The outage also caused downtime for the xvm.mit.edu website.
For those of you interested in more technical information surrounding
that outage, at approximately 2:10 PM, we noticed thet xend on
shadow-moses stopped accepting new connections, causing programs like
`xm list` to hang indefinitely at the terminal. We attempted to restart
xend, but the old process didn't shutdown cleanly, making it impossible
to start a new daemon. Further investigation of the old xend revealed
that all but 3 of the threads were spinning in a futex(2) call on a
single location in memory.
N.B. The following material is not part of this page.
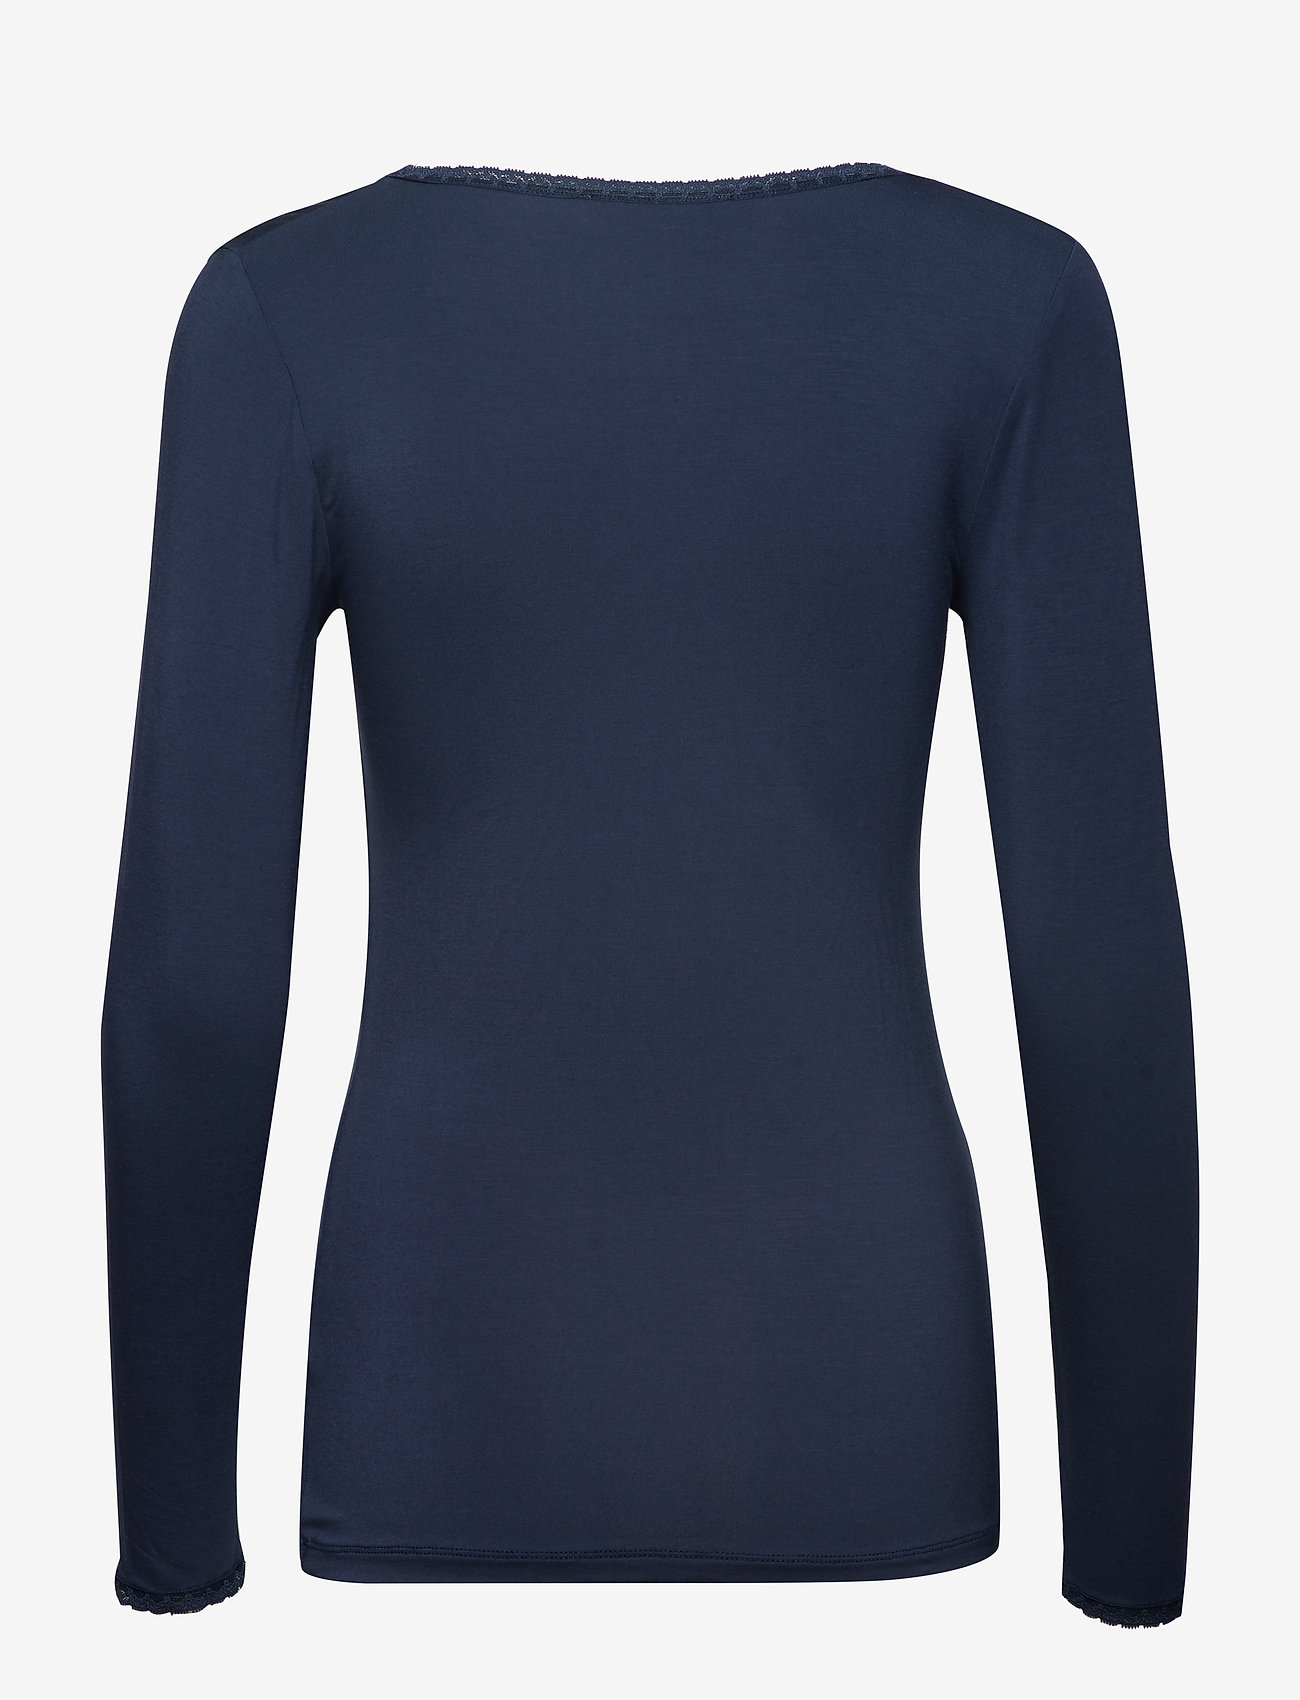 Noa Noa - T-shirt - tops met lange mouwen - dress blues - 1

Our current suspicion is that some process
switched from a Python context into a C context, and then died for some
reason without releasing the GIL, causing all of the other processes to
deadlock while they waited for the GIL to be released.
We are very sorry for the inconvenience this caused for users of VMs on
shadow-moses, and for anyone attempting to use the website during the
outage.
- Evan
For the SIPB XVM team